Our results support the hypothesis that increased folate intake after the first trimester is associated with higher birth weight. The overall β ^ was found to be 0.03 indicating that a two-fold increase in folate intake corresponds to a 2% higher birth weight, which is a slight but significant increase. Or to put it in another way, a neonate whose mother has a folate intake of 500 μg per day is predicted to have a birth weight that is 2% higher than a neonate whose mother has a folate intake of 250 μg per day.

Placental weight is an important determinant of fetal weight. It has been also demonstrated that placental weight was significantly lower in SGA neonates compared to appropriate for gestational age neonates of the same birth weight [39]. Placental uptake of folate from the maternal circulation is critical for adequate folate supply to the developing fetus. Maternal folate is transferred against a concentration gradient to the fetus, the net effect is a two-fold higher plasma folate level of the neonates compared to the maternal plasma level at delivery [40]. Inadequate folate status during pregnancy may be a risk factor of several adverse health outcomes, such as fetal malformations and various placenta-related diseases [41]. Moreover, low folate status results in elevated plasma homocysteine level, which may increase the risk of placental damage and dysfunction, disturbing thereby oxygen and nutrient transport to the fetus [42].

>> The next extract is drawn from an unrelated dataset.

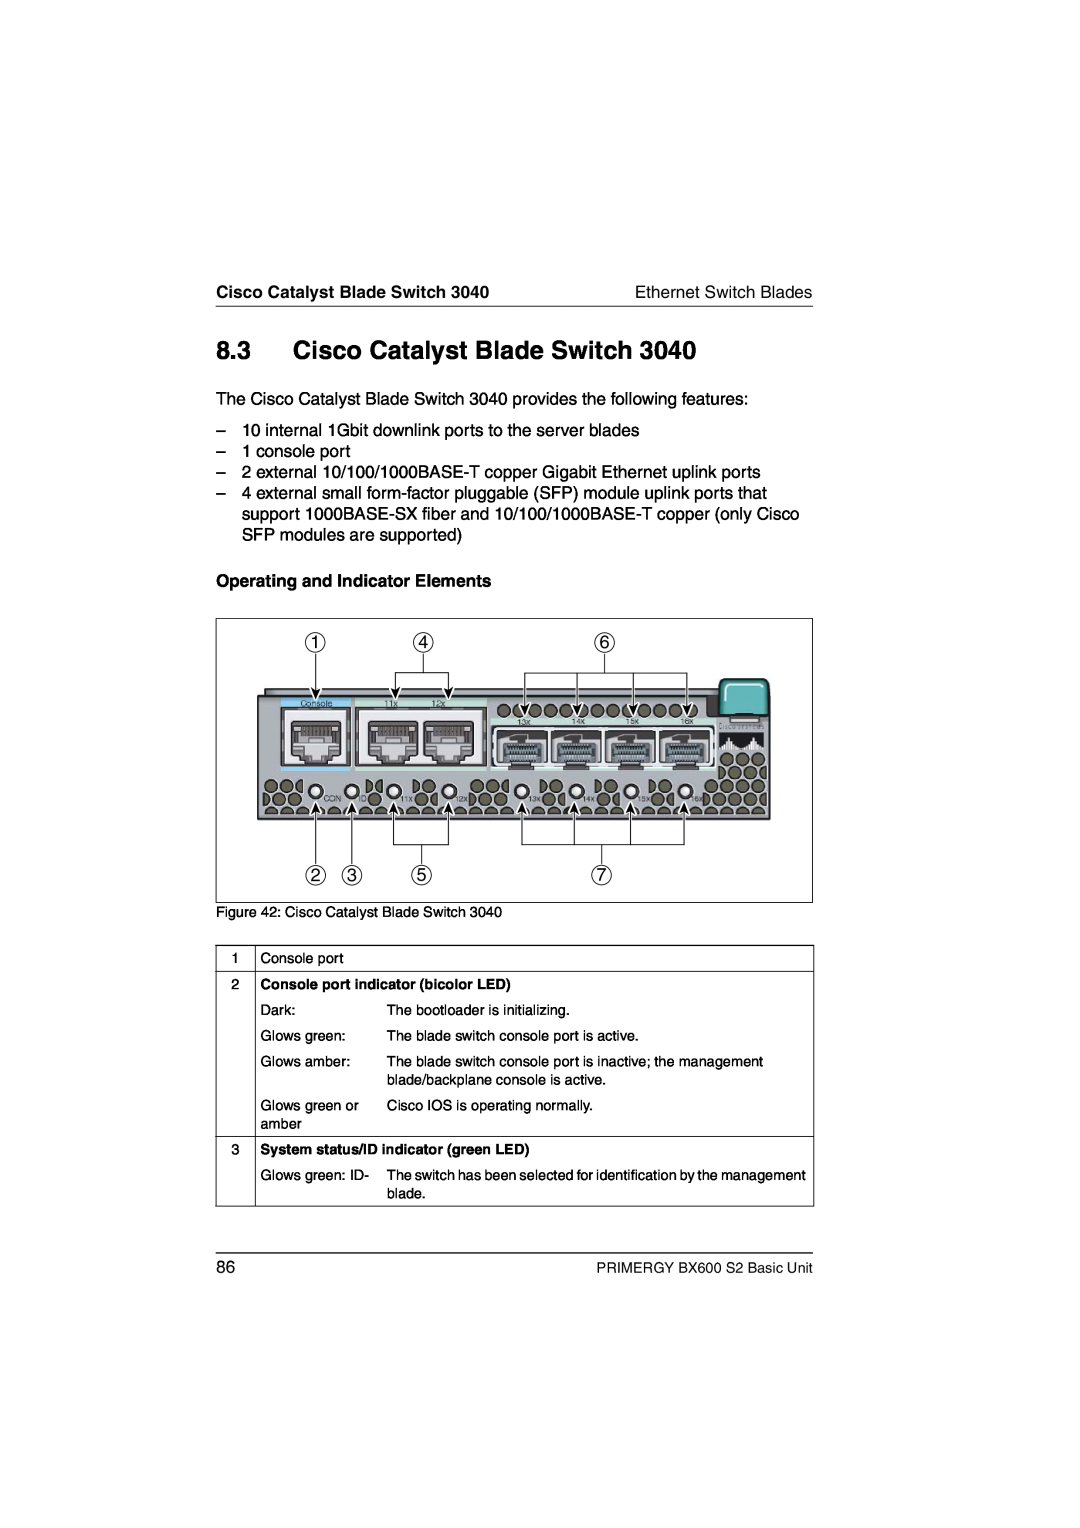 Fujitsu BX600 S2 manual Cisco Catalyst Blade Switch, Operating and Indicator Elements, Console port indicator bicolor LED

In the present study we failed to detect any dose response relationship between folate intake and placental weight; our data did not show significantly elevated placental weight in treatment groups compared to placebo groups (P=0.08). In contrast to the growth of the fetus, the placenta grows rapidly in the first trimester and reaches its full size during the second trimester [43], therefore folate supplementation may have no further effect on placental weight in the later period of pregnancy.

A prospective study conducted on more than 2000 pregnant women demonstrated that low serum folate is associated with nearly a double risk of preterm delivery [44]. Scholl and colleagues have found similar degree of risk for preterm delivery in women with low folate intake (≤ 240 μg per day) [45]. Still, like in the case of placental weight, we did not find significant effect of folate supplementation on the length of gestation in the intervention groups compared to placebo groups (P=0.77).

The strength of our meta-analysis is the inclusion of RCTs. Ideally, RCTs should provide reliable data about the effect of an intervention. Randomization allows us to assume that changes in birth weight, placental weight or length of gestation are definitely due to folate intervention. Other factors that might affect these pregnancy outcomes would be expected to be distributed randomly between the intervention and control groups.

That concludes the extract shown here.